My previous work focussed on marginal spaces in Cairo. I participated in a project to document Islamic monuments which it was not possible to restore. Even when these places were not far from the centre of town one felt isolated in them. Now I have moved in to photograph the heart of the city, but I'm still trying to carve out a personal space here. One of my subjects is the Mugamma, which for me is a central part of Cairo's landscape. Not only is it politically central, it is like a natural mountain in the middle of the city. It is a building that fascinates me.

Incidentally, the Mugamma picture in this exhibit alludes to a larger series commissioned for Going Places: A Project for Public Buses, in which I and others create artworks to be placed on the advertising boards of public buses. My work for this series used the Mugamma as the basic component of its architectural landscape."

Amgad Naguib

"I didn't take any of these pictures, I collected them. I bought entire collections of family pictures for next to nothing in the 1980s, before old photographs became fashionable in Cairo. They were far more affordable then than other kinds of artwork. Often these were albums belonging to families of foreign heritage who had lived in Cairo, such as Greeks. When they left the state sold off the belongings they left behind. I even have some love letters that were bundled together with photographs. I sometimes wonder who would dispose of their family history in this way.

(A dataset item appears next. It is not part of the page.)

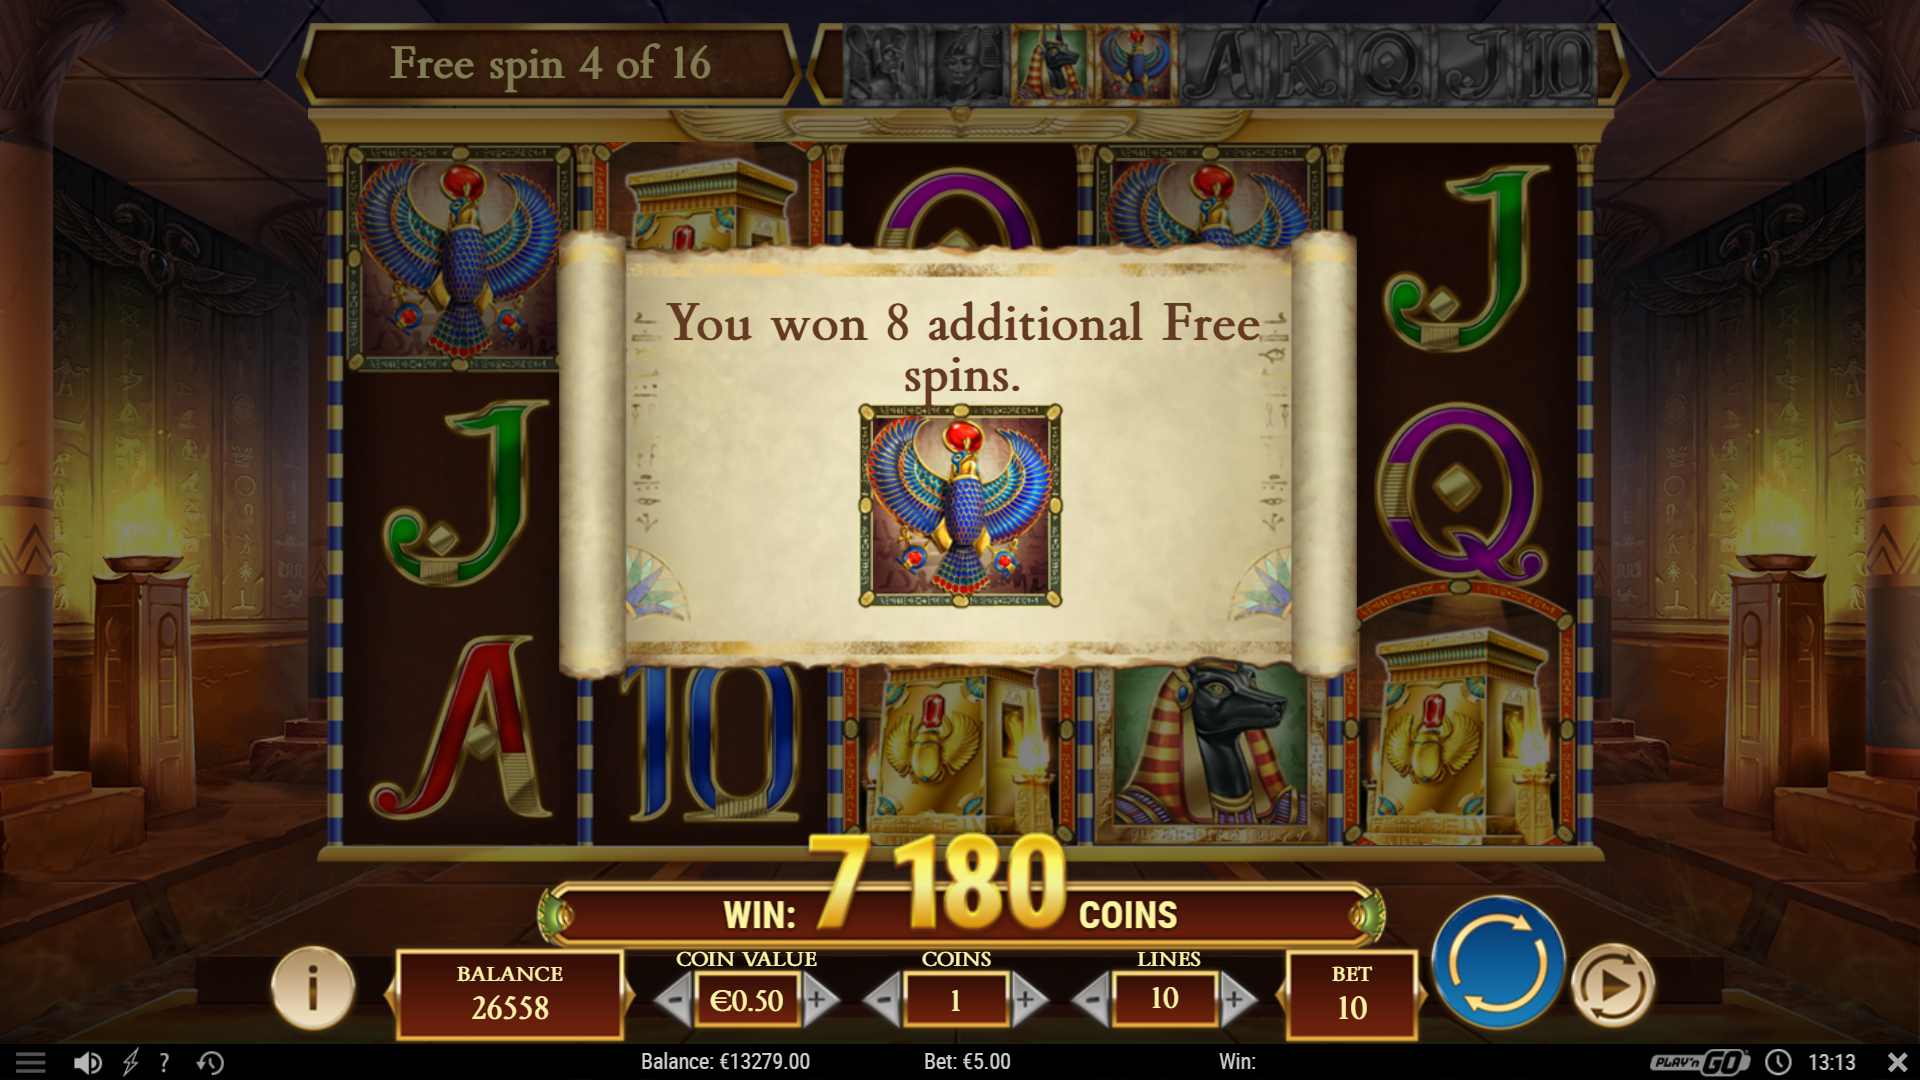 Legacy of Dead Slot free spins

You can tell a great deal about a life from personal photographs. Some of the people in the pictures feel as alive and as close to me as if they were my friends. I have witnessed so many moments of their lives. The way people arrange their photographs in albums often suggests a narrative. One woman arranged a selection of photographs of herself chronologically: in couture outfits as a carefree young woman, with her future husband, as a married woman with a young child and a new sadness. After sifting through large numbers of photographs, I know what a certain man's drink of choice was, or what shoes a woman liked best.

I have a unique record of Egypt since the 1860s, of streets, fashions and customs, but above all of Egyptian women. The 1950s and '60s were a remarkable time for women. Before this there was a certain conservatism in dress and manner. But just look at the photographs of women from this era."

Rehab El-Sadek

"I developed this video installation in Kenya, where I was looking for a project that would let me document gender relations in a specific way. I collected the images over there. But when I went to Pakistan I found that the idea was relevant here as well. It has remained important to me to travel in different cultures to develop ideas for art. In these travels I collect information as well as ideas by talking to women and men, particularly poorer people.

I first showed part 'A' of this exhibit in Beirut last year. Although the two figures in it are of ambiguous gender, the general reaction was that it was a piece about the violence of men against women. I realised the need to emphasise that it was about aggression in a wider sense. And so I developed part 'B' for this exhibit, in which I used a video clip of a woman who is angry and forceful.

In addition to a cross-cultural range of reference, the question of time and history plays an important role in my work. I have been particularly interested in ancient Egypt. I did an installation in London in 1998-99 in which I reconstructed an English town and hung it with fragments of text from the myth of Isis and Osiris. My current exhibition has a portion of the text of the eighth century AH legend of Bayad and Riyad. I like to use text as a conceptual element as well as a visual adornment."